Software has been tested on a Linux and Python 3.6 environment. A GPU card is recommended for accelerating the training process.

Running inference

This is a simplest tutorial on using the pre-trained EpiGePT model to predict epigenomic signals. As of September 2023, we have expanded the training data for EpiGePT to cover 105 cell types. All the data mentioned in this tutorial can be downloaded from the Download page. The purpose of this tutorial is to provide an example of how to use the pre-trained EpiGePT model to predict epigenomic signals for any genomic region and cell type.
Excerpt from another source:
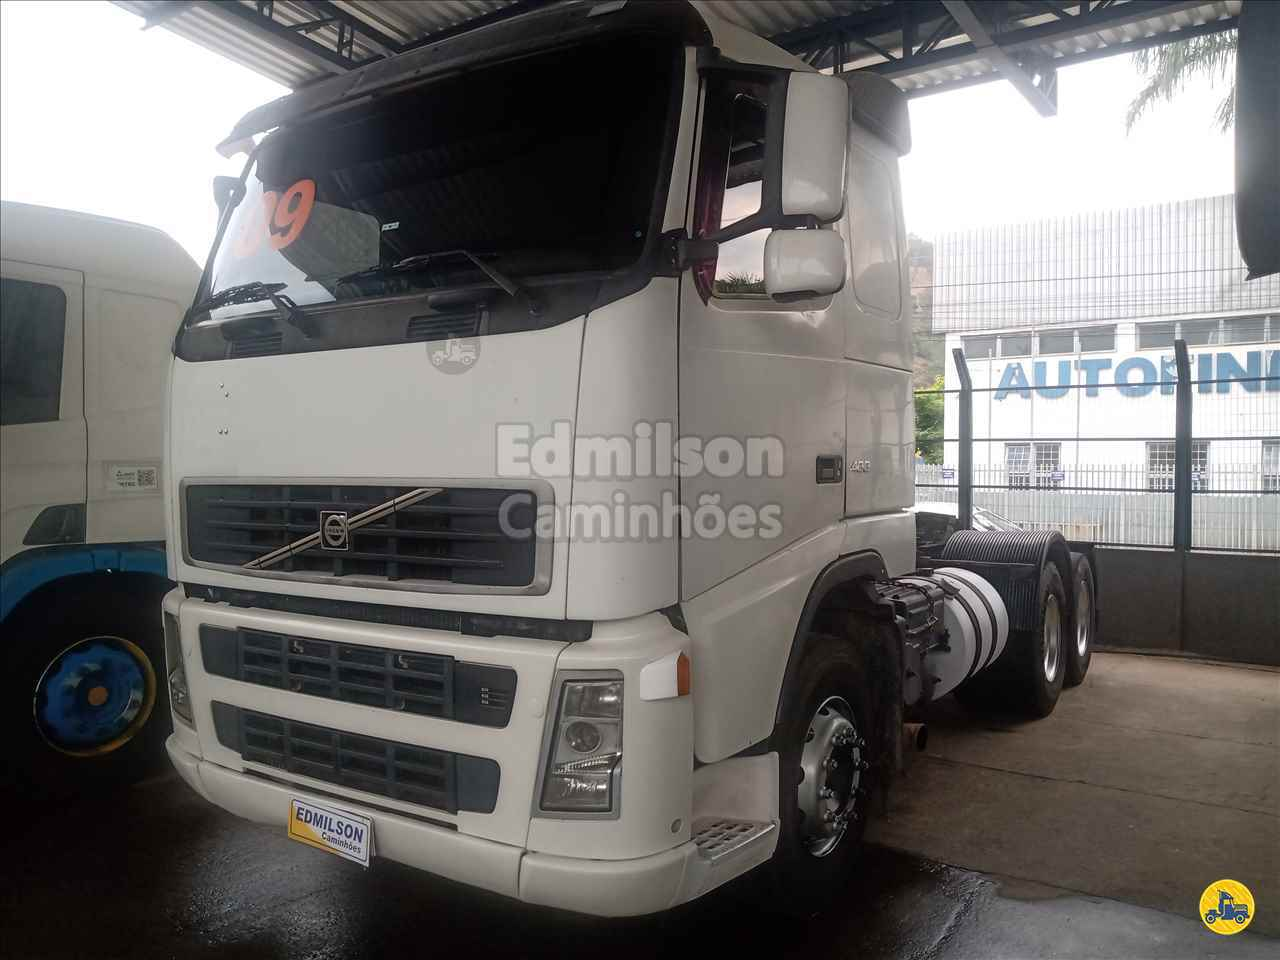 CAMINHAO VOLVO VOLVO FH 400 Cavalo Mecânico Truck 6x2 Edmilson Caminhões Itajubá MG ITAJUBA MINAS GERAIS MG

It's worth noting that this model has been updated to the hg38 reference genome.

import numpy as np
from model_hg38 import EpiGePT
from model_hg38.config import *
from model_hg38.utils import *

model = EpiGePT.EpiGePT(WORD_NUM,TF_DIM,BATCH_SIZE)
model = load_weights(model,'pretrainModel/model.ckpt')

SEQ_LENGTH = 128000
input_tf_feature = np.random.rand(1000, 711) # 711 TFs
input_seq_feature = np.zeros((1,4,SEQ_LENGTH))
predict = model_predict(model,input_seq_feature,input_tf_feature)
predict.shape # (BATCH_SIZE, Number of bins, Number of epigenomic profiles)
# (1,1000,8)

Users can prepare the tf expression, tf binding status, and sequence one-hot matrix in the above codes following the third section in detailed tutorial at the Tutorial page.

Reproduction

This section provides instructions on how to reproduce results in the original paper.

Data downloading

We provided Download_raw_data.sh for download RNA-seq data (.tsv), DNase-seq data (.bam) and ChIP-seq data (.bam) from the ENCODE project We pre-defined cell type ID from 1-37. After downloading the meta data from ENCODE website (head -n 1 files.txt|xargs -L 1 curl -O -L), one can run the following script:

bash Download_raw_data.bash  -c <CELL_ID> -r -c -d
-c  CELLID: pre-defined cell ID (from 1 to 55)
-r  download RNA-seq data (.tsv)
-d  download chromatin accessible readscount from DNase-seq data (.bam)
-c  download readscount from ChIP-seq data (.bam)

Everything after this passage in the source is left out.